I think it would be a great place for micro's to call a home..in other words im guessing hundreds or thousands of microrganisms will attach to it??? but im not sure just a guess....rot wrote:..
Exactly what is gained by putting charcoal in a compost pile as opposed to just putting it into the soil?
I was told this, never claimed it to be true...notice the question mark at the end...The Helpful Gardener wrote:Top$, you are mistaken about grass clippings robbing nitrogen; in fact clippings from a mulching mower left on the lawn religiously will provide at least half of the nitrogen your lawn needs for the year.
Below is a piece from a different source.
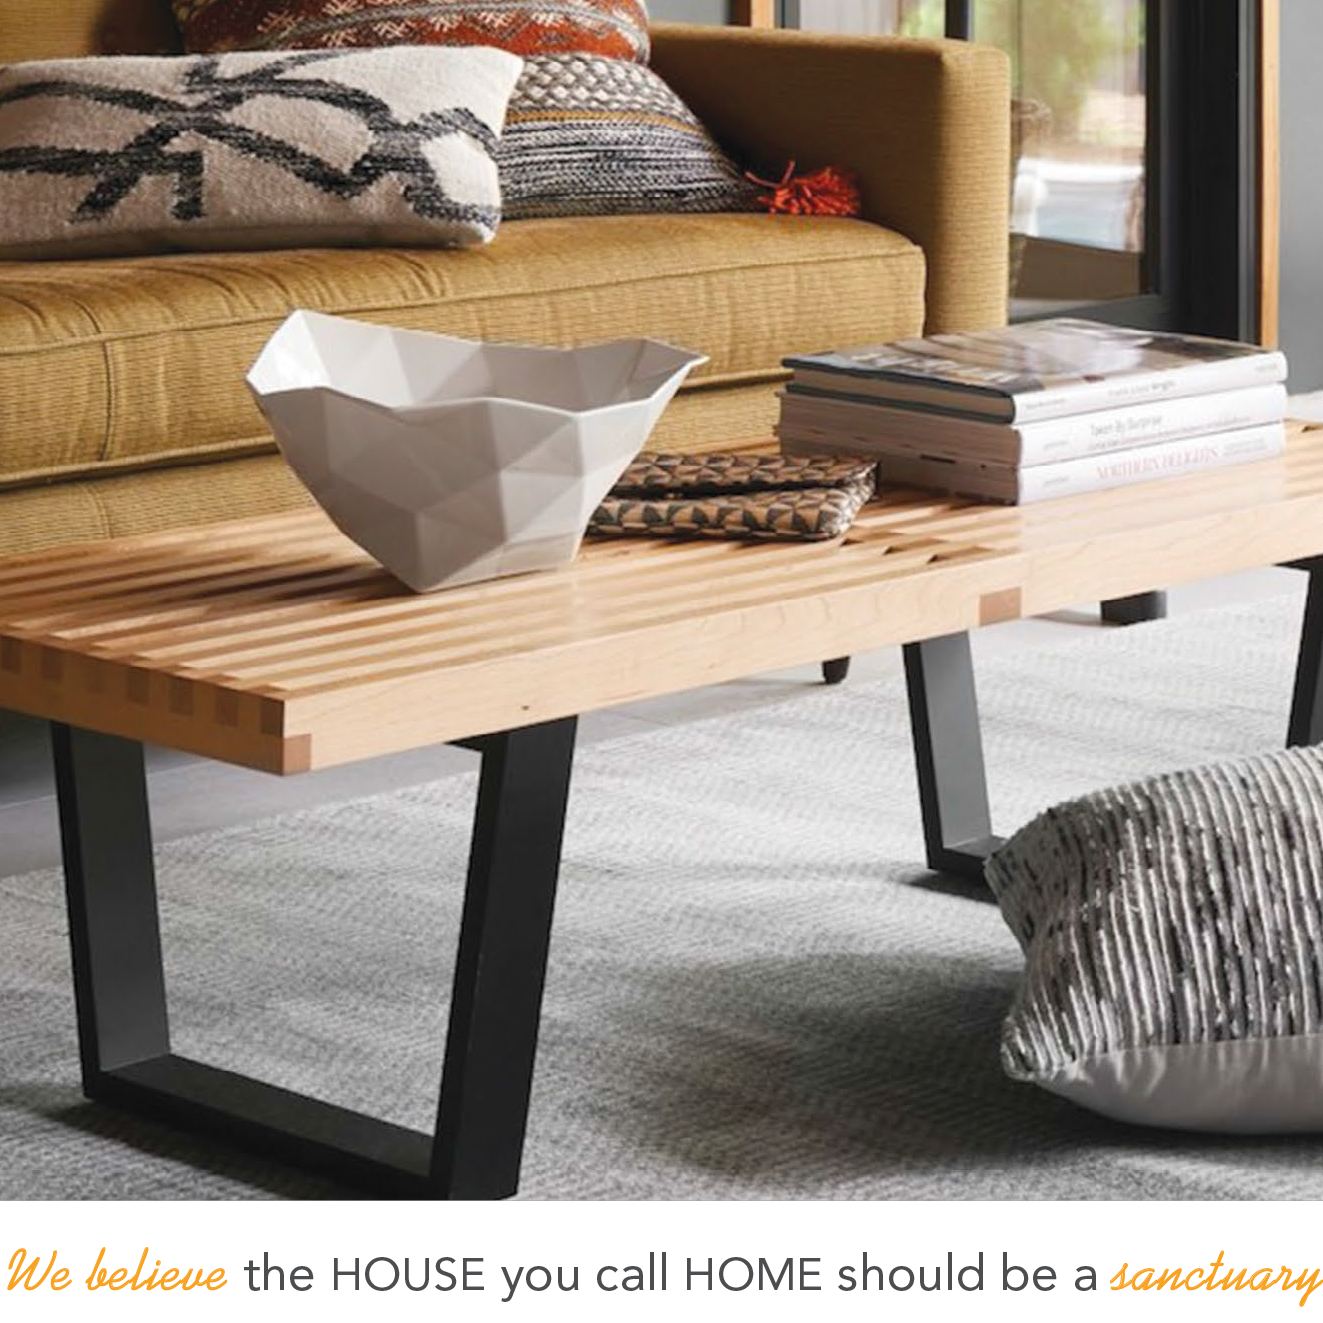 bend furniture & design — kristin cahalane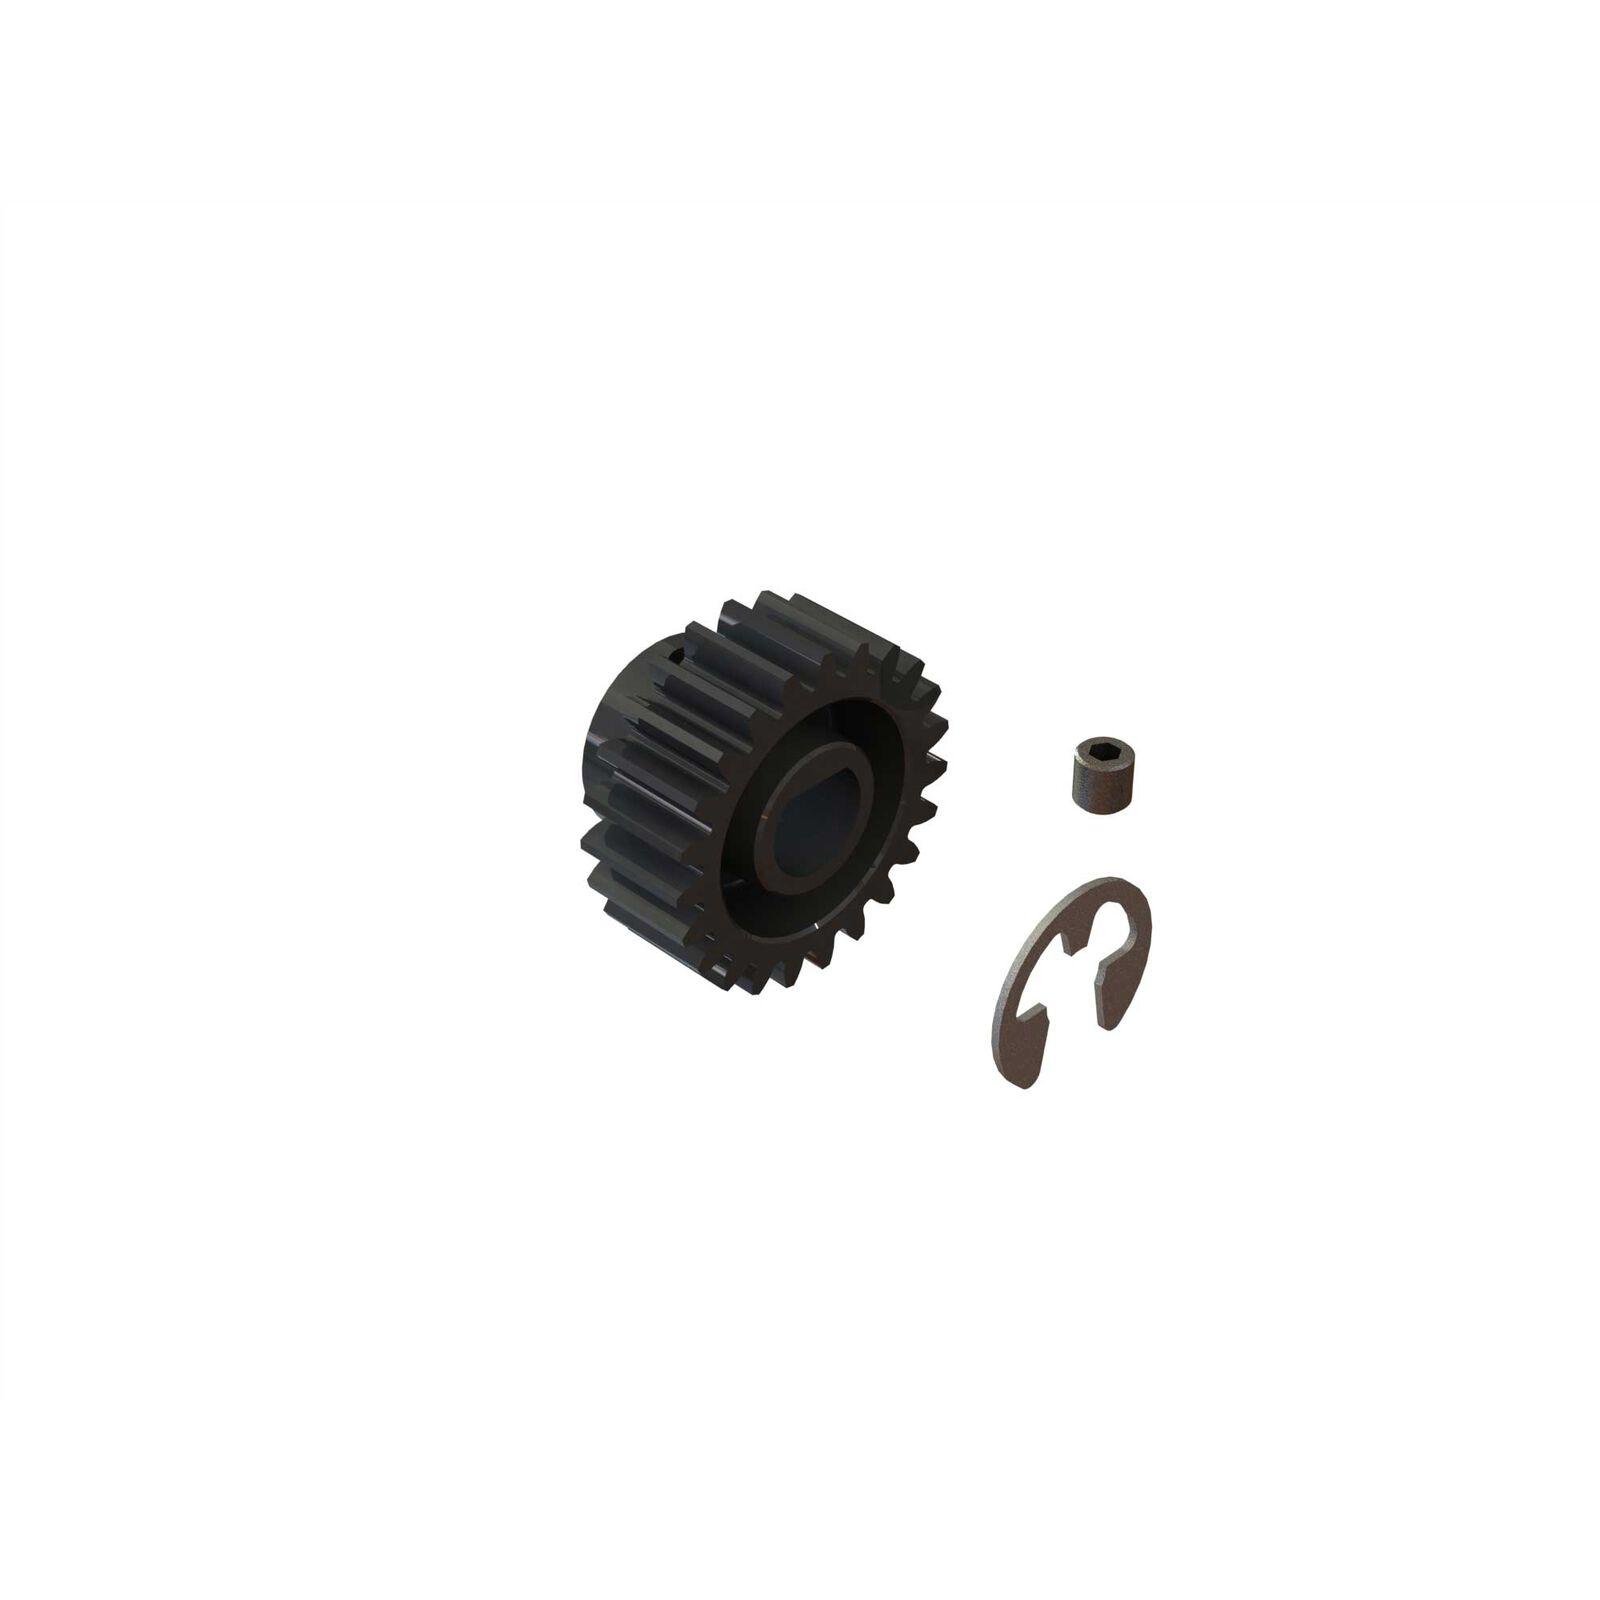 23T Mod1 Safe-D8 Pinion Gear

when i BBQ i use hardwood lump charcoal, im kind of a green guy and like to keep the chemicals to minimum especially when cooking or growing. I think this kind of coal is better for the soil and cooking..or people who use wood smokerers to cook could probably get a good end product.The Helpful Gardener wrote:As for using coal as a carbon sequestration tool, I prefer my carbon sequestration to leave out the arsenic, cadmium and other nasties coal brings to the picture. Wood ash is fine, coal ash is not... The best carbon sequestration method for coal is LEAVE IT IN THE GROUND. As for "seeing (charcoal) do something", rot, bust out a good microscope and I can show you charcoal doing things. And ask yourself what your best visual cue is for really fertile soil? THAT's seeing something isn't it?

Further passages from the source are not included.